Hey all, having trouble with a question.

Lehigh wants to sythetically modify the duration of a position to a target of 3. It is currently 5. Market Value 20M. What is the notational principle of the swap that is needed.

The swaps to choose from are

A 2yr Maturity -2.125 Duration

B 3yr Maturity -3.375 Duration

C 3.5yr Maturity -3.625 Duration

In the answer they use Swap C to figure out the problem. Why is Swap C used?

Thanks!

you have your durations possibly wrongly calculated. I state that just based on the fact that if the swap term fixed were 2 years - duration of the swap would be less than 2. e.g. a 2 year quarterly swap, pay fixed, receive floating - would be -(0.75)(2) + 0.125 = -1.125 and not -2.125 as you have it above.

with regards to your question - the highest swap duration will give you the lowest notional principal.

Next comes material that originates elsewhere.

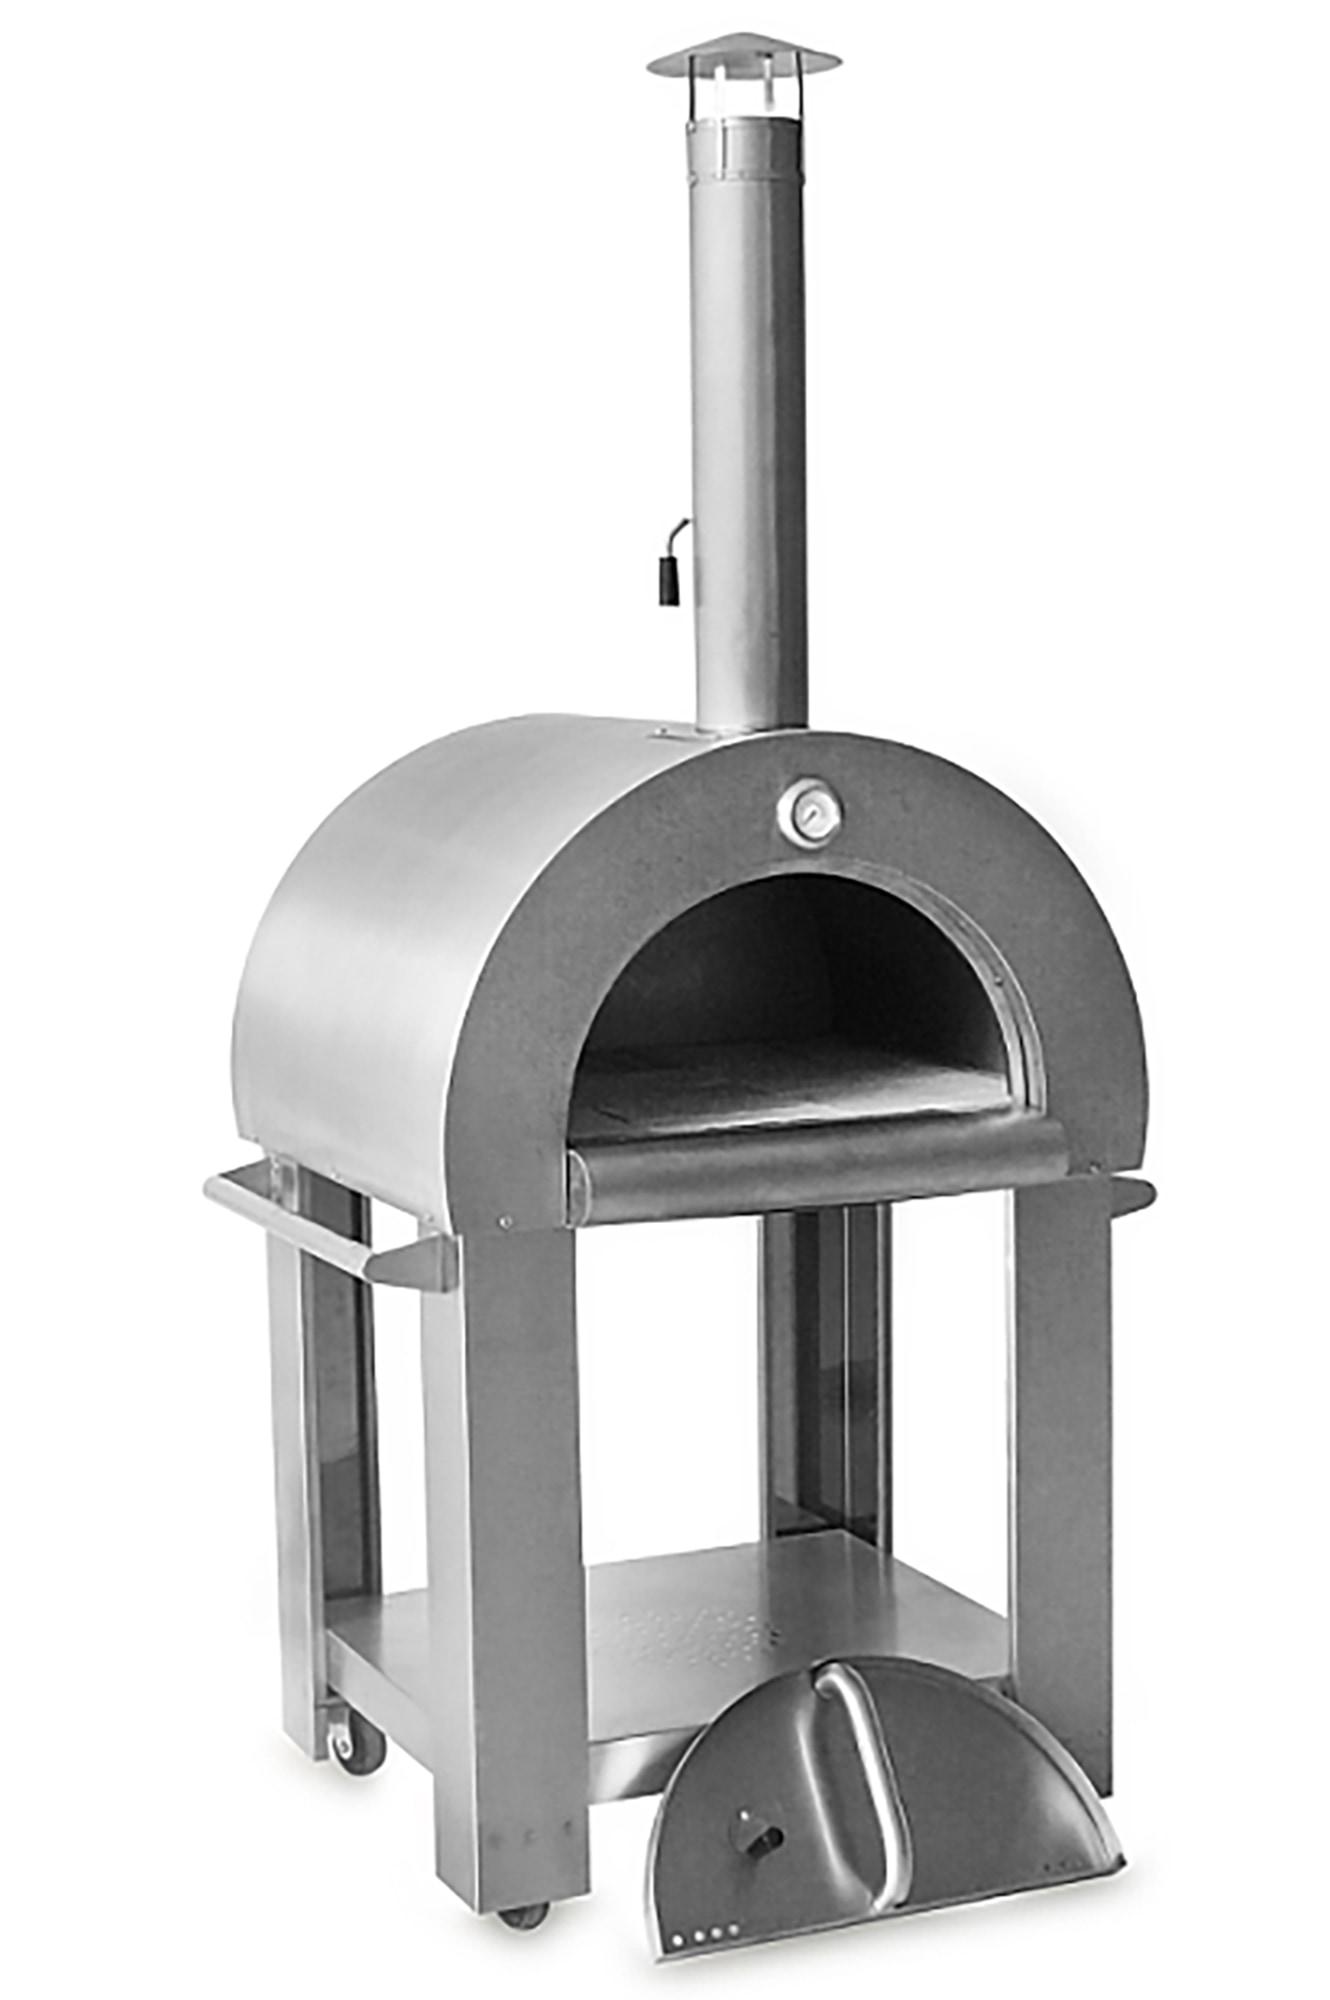 Thor Kitchen Pizza Oven

Hi mate had the same problem this morning … then I figured out that that we have to use the swap with the highest duration (negative duration) so to produce the lowest notional principal. Check pg 453 of the curriculum.

Awesome, I was hoping it’d be an easy answer like that.

Appreciate the help

do we always have to use the highest duration swap? even when we want to increase duration?